Azure — via Activity Log:

az monitor activity-log list \
  --resource-id /subscriptions/<sub>/resourceGroups/<rg>/providers/Microsoft.KeyVault/vaults/<vault>/certificates/<name> \
  --offset 30d \
  --query "[?operationName.value=='Microsoft.KeyVault/vaults/certificates/import/action'].{caller:caller, time:eventTimestamp}"

Cardinality + cost

  • Per-target-type Prometheus counters: 2 new certctl_deploy_attempts_total series (AWSACM + AzureKeyVault) × 2 results = 4 series. Comfortable.
  • AWS ACM costs: ImportCertificate is free; CloudTrail logs at $2 per GB. Renewing 100 certs/month adds ~10 KB to CloudTrail.
  • Azure Key Vault costs: certificate operations $0.03 per 10K operations (V2 pricing as of 2026-05). 100 certs/month = $0.0009 in cert-op spend. Activity Log retention is configurable (default 90 days, free).

V3-Pro forward path

Tracked at cowork/WORKSPACE-ROADMAP.md under "Adapter hardening":

  • AWS CloudFront direct-attach — UpdateDistribution after an ACM ImportCertificate so the CloudFront edge picks up the new cert without operator intervention.
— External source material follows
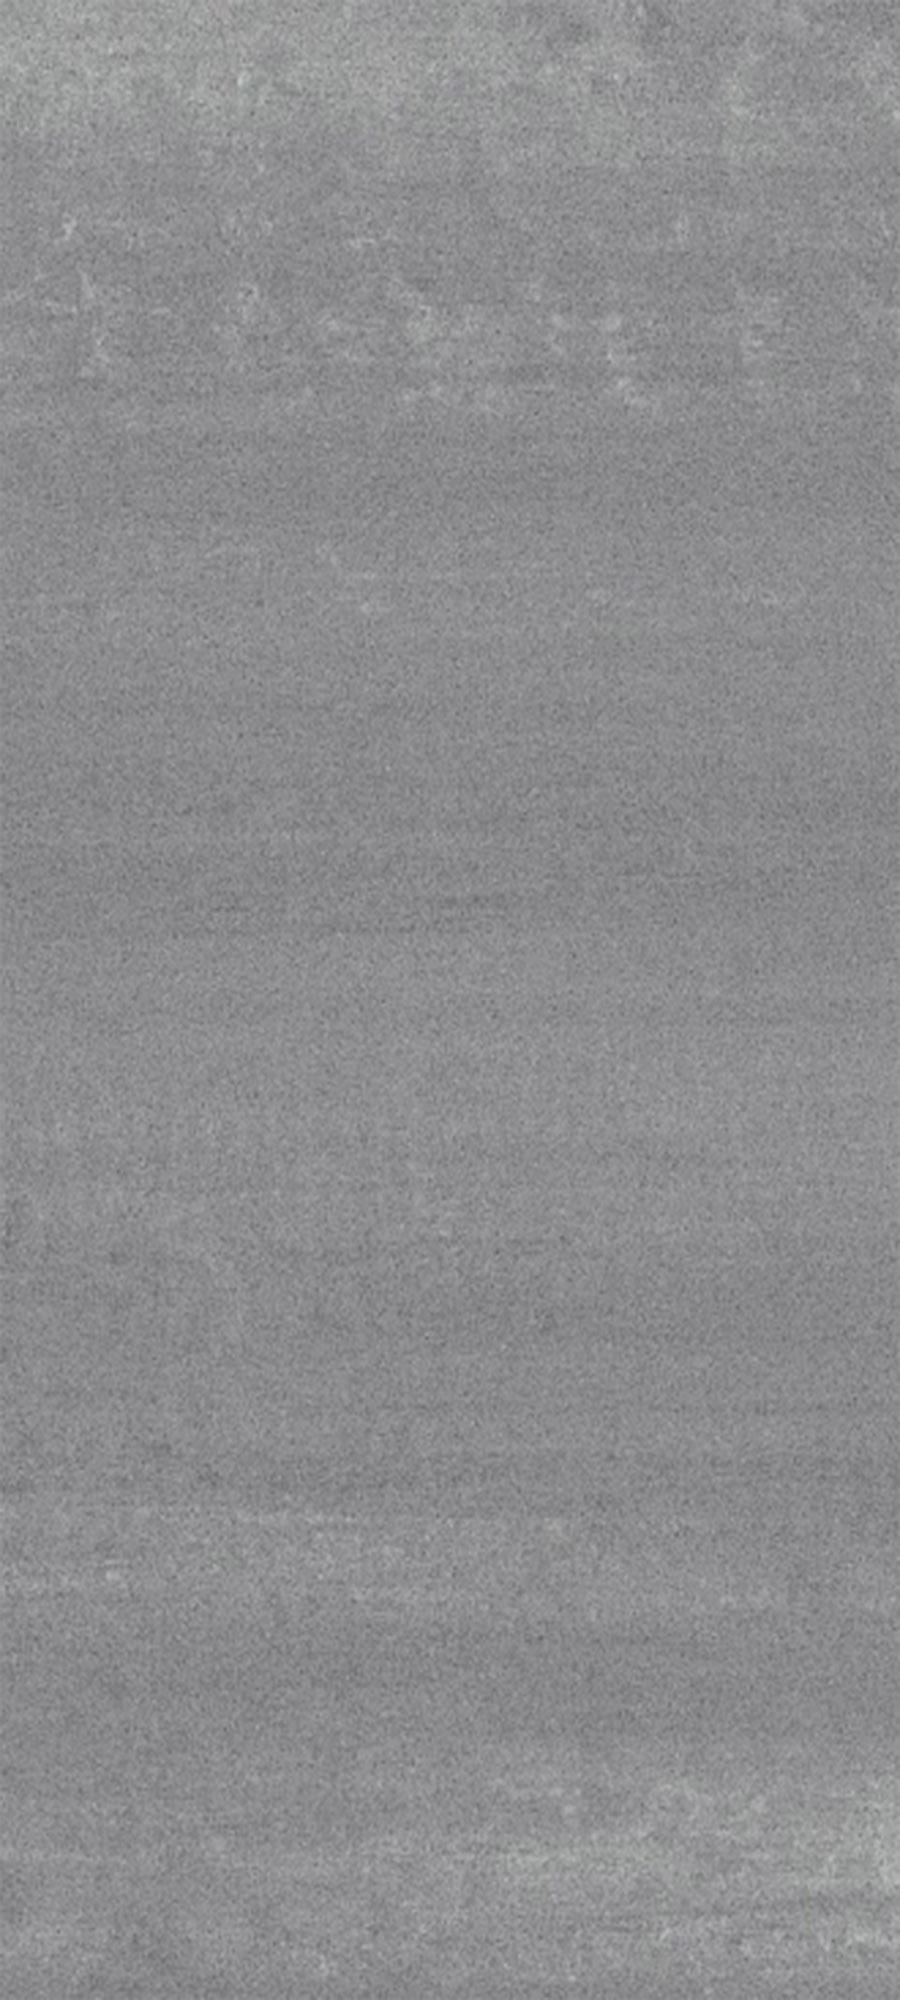 90296564 Керамический гранит Про Дабл серый тёмный обрезной 30х60см, цена за упаковку STLM-0173230 KERAMA MARAZZI

Requires cloudfront:UpdateDistribution IAM permission on top of the ACM minimum.
  • Azure Front Door direct-attach — UpdateRoutingConfig equivalent.
  • AWS ALB / Azure App Gateway auto-bind — currently operators attach the ARN / KID URI to the LB out-of-band (Terraform); V3-Pro adds the auto-attach step.
  • Soft-delete recovery for Azure Key Vault — V2 always re-imports as a new version; V3 detects soft-deleted prior versions and offers operator-confirmed recovery.
  • GCP Certificate Manager target — Google Cloud's equivalent to ACM; mirrors the AWS ACM connector shape. Separate cloud, separate connector.